■ **Task description**: Keep the text of the data exactly as it is and omit each picture from the copy.

■ **Data block**:
===

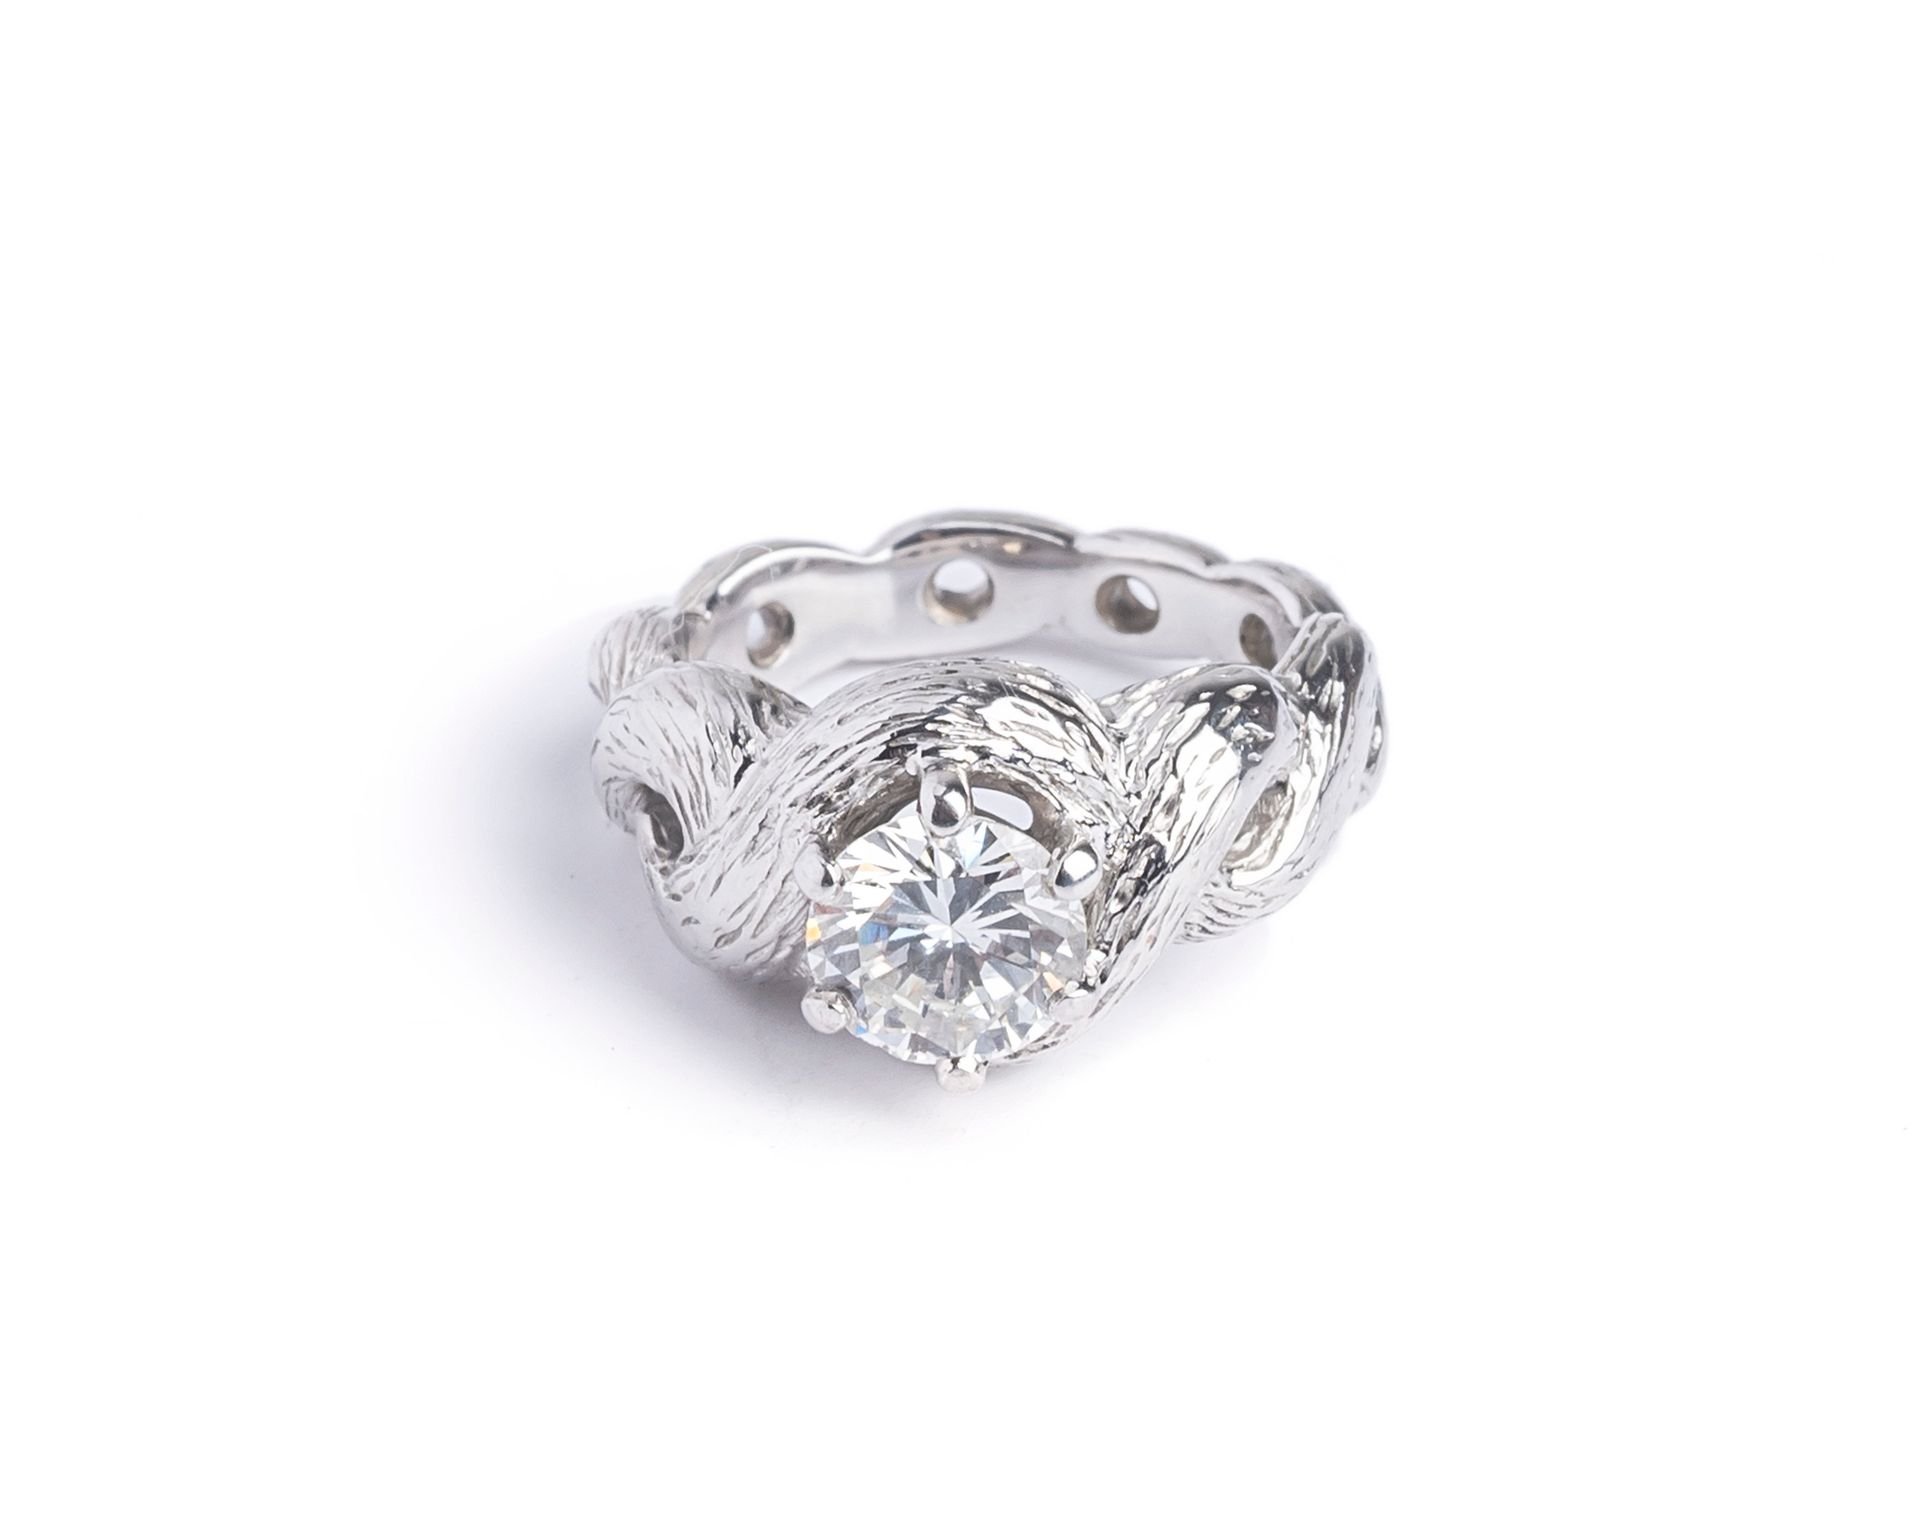 Null 18K（750千分之一）白金戒指，镶嵌着一颗圆形明亮式切割钻石，重约1.4克拉（镶嵌），镶嵌方式为扭绞式。
手指尺寸：48
毛重 : 12克

===

■ **Expected answer**:
 Null 18K（750千分之一）白金戒指，镶嵌着一颗圆形明亮式切割钻石，重约1.4克拉（镶嵌），镶嵌方式为扭绞式。
手指尺寸：48
毛重 : 12克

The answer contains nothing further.